Bezos has, instead, reserved his big money for for-profit endeavors, spending $250 million to acquire the Post and, arguably, bring it back to life. He’s also launched an aerospace company called Blue Origin that he frames as an humanitarian endeavor to save humanity from an endangered planet.

This isn’t altogether unusual for tech philanthropists, Palmer says. “A lot of the new tech money says philanthropy isn’t the only way to solve societal problems.”

It’s also possible that Bezos has chosen to give anonymously, and that his true philanthropy may merely be hidden. Even so, members of the philanthropic community say that it’s critical for Bezos to take a more public-facing approach to giving. Fame, after all, can be almost as powerful as fortune.

“Philanthropy can be incredibly powerful and exciting when it’s money plus using your voice and your network,” says Gabrielle Fitzgerald, CEO of the non-profit Panorama, who spent 10 years working at the Gates Foundation.

As Fitzgerald notes, when Gates decided to prioritize polio eradication, he not only put money behind it, but convened other philanthropists including Bloomberg, as well as foreign governments to tackle the disease. And when he let mosquitoes loose inside the arena during a TED talk, he started a conversation about malaria, a cause he was already fighting with funding.
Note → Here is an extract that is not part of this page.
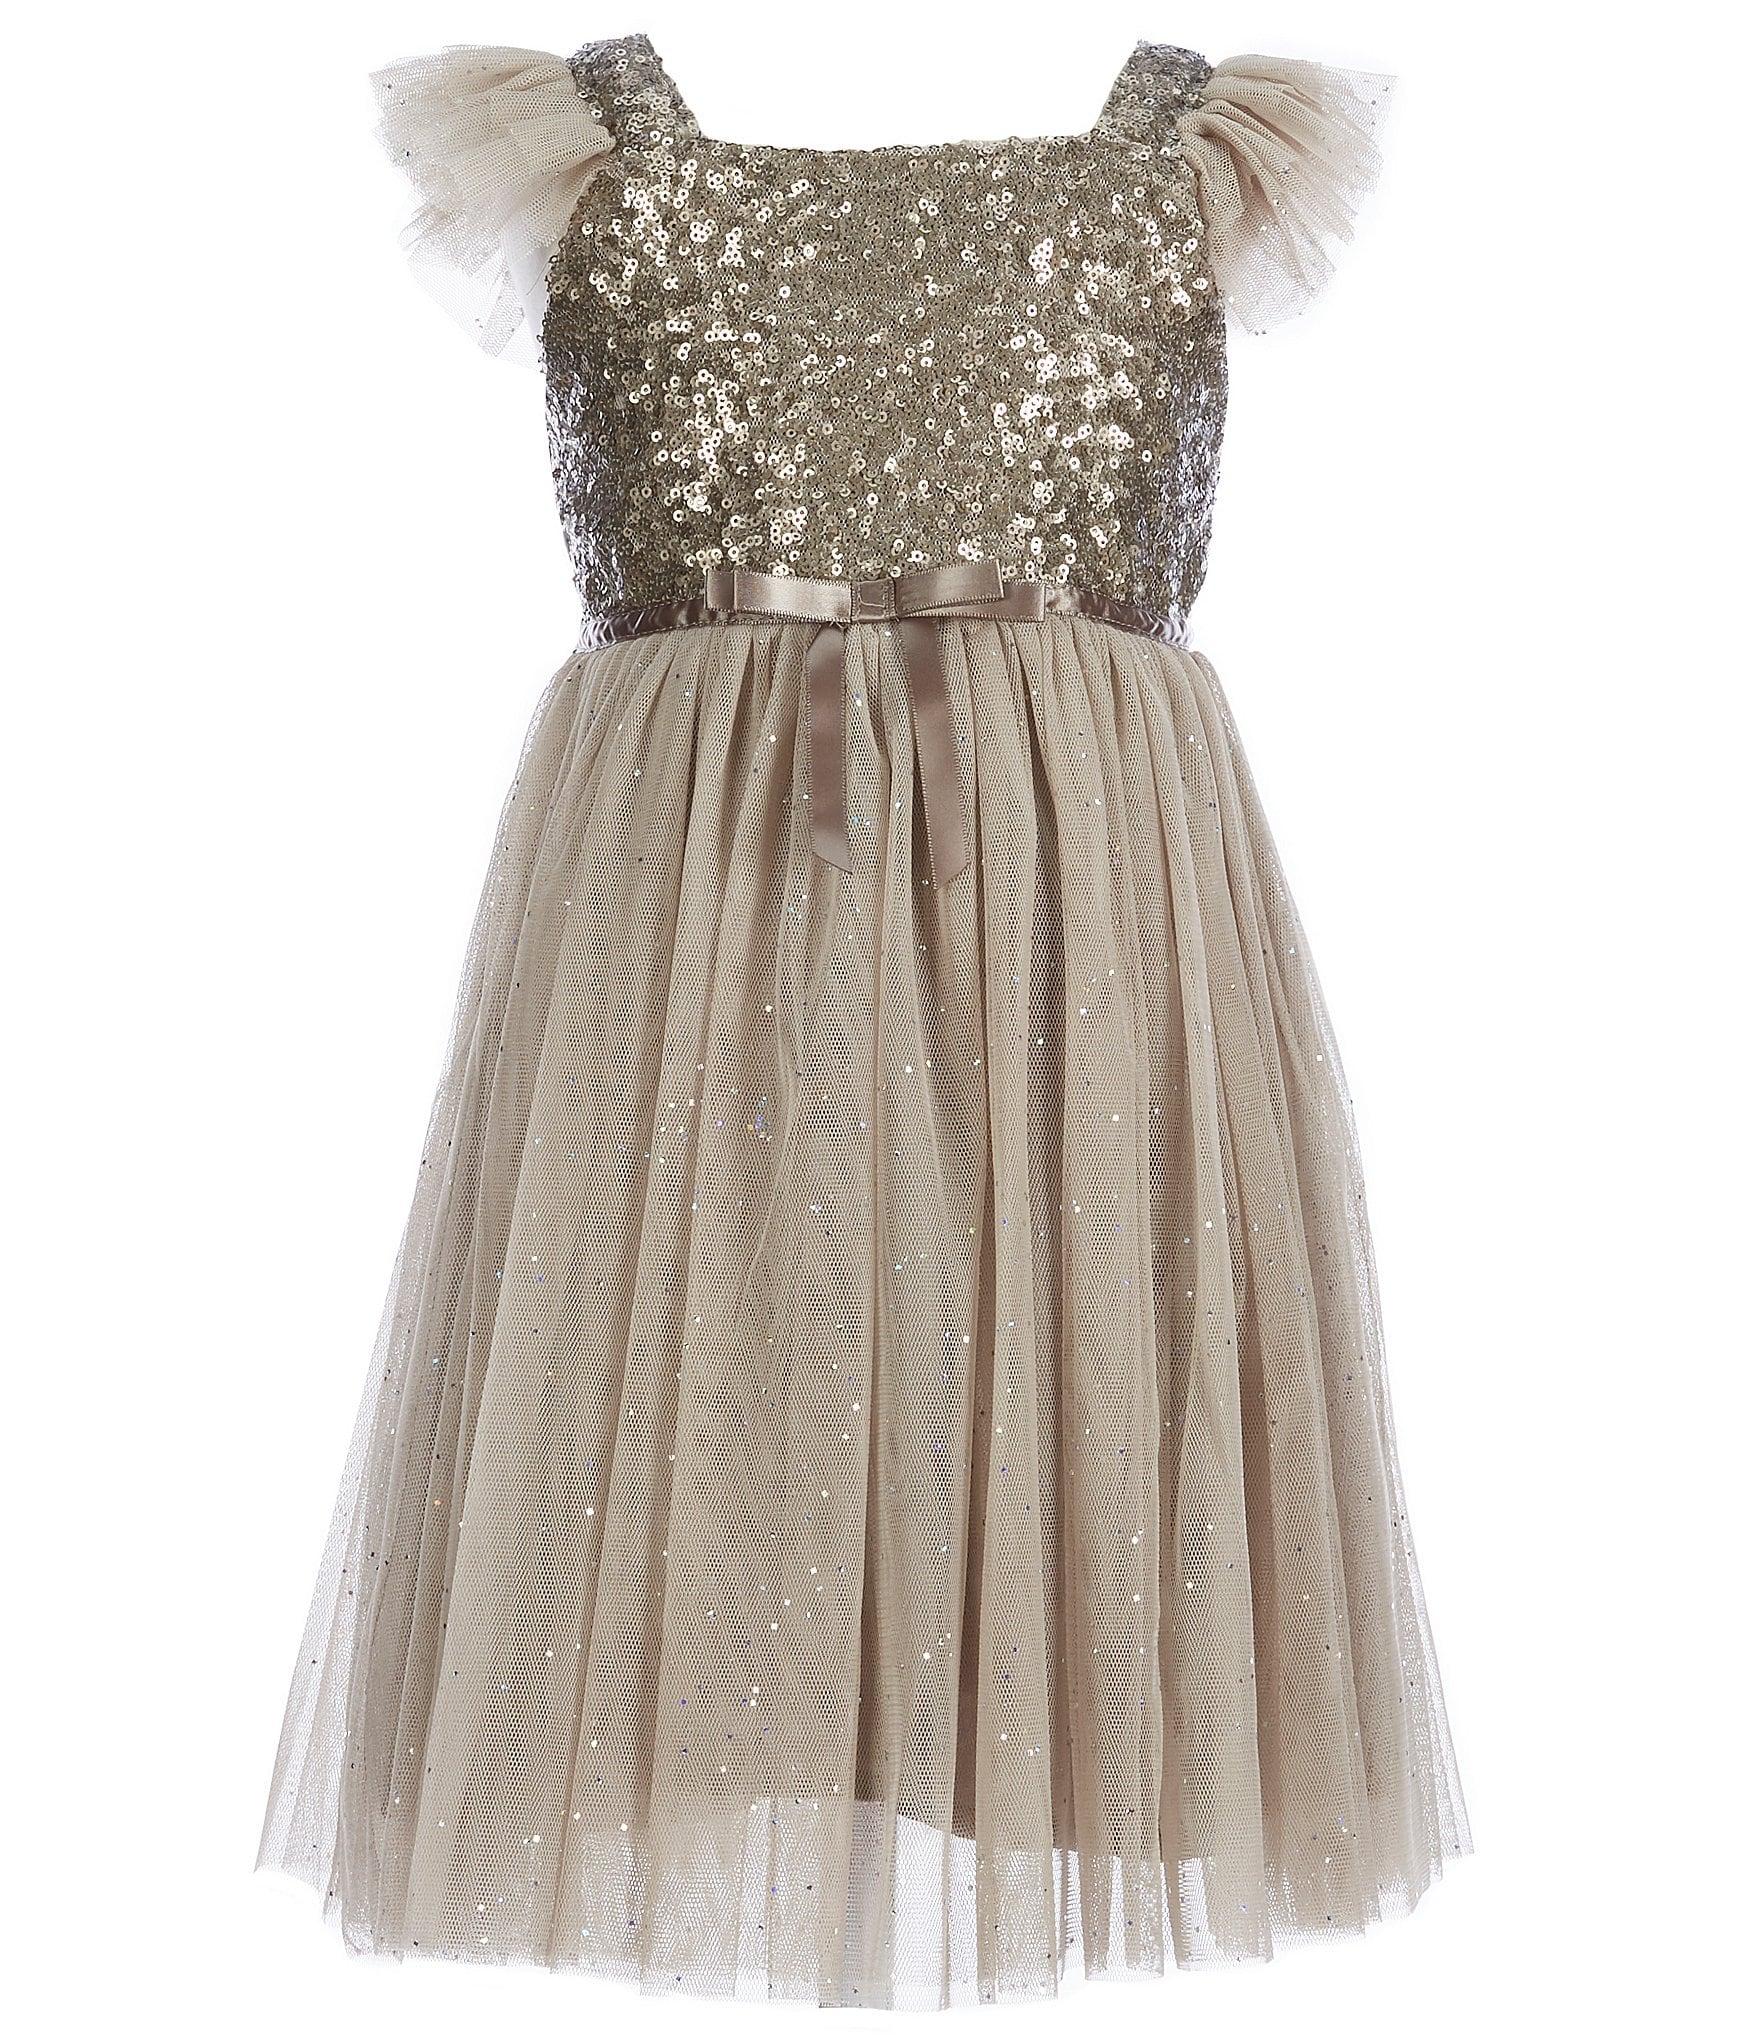 b06c27251 Popatu Little Girls 2-6 Glitter Flutter-Sleeve Tulle Dress | Dillard's

Yes, there would have been some poetry if Bezos had nabbed the title of world's richest man on the day his company posted big fat profits from its second-quarter earnings. By the end of the day, though, it was clear neither outcome was meant to be. After the market closed Thursday, Amazon dropped its earnings report, saying revenue rose 25 percent to $38 billion—narrowly beating the $37.18 billion in total sales Wall Street had predicted. The company also reported that it earned 40 cents per share in Q2 of 2017, much lower than the $1.42 earnings per share that analysts had expected, as Amazon poured money into international expansion and video content. (Shares dipped in after-hours trading. Amazon declined to comment on Bezos' brief status as world's richest man.)

Still, we've seen this "growth before profits" strategy play out from Amazon before. It's all but likely that before long, Amazon will be reaping the benefits of its latest investments. And Bezos will be right there, poised to officially take the crown of world's richest person from Gates.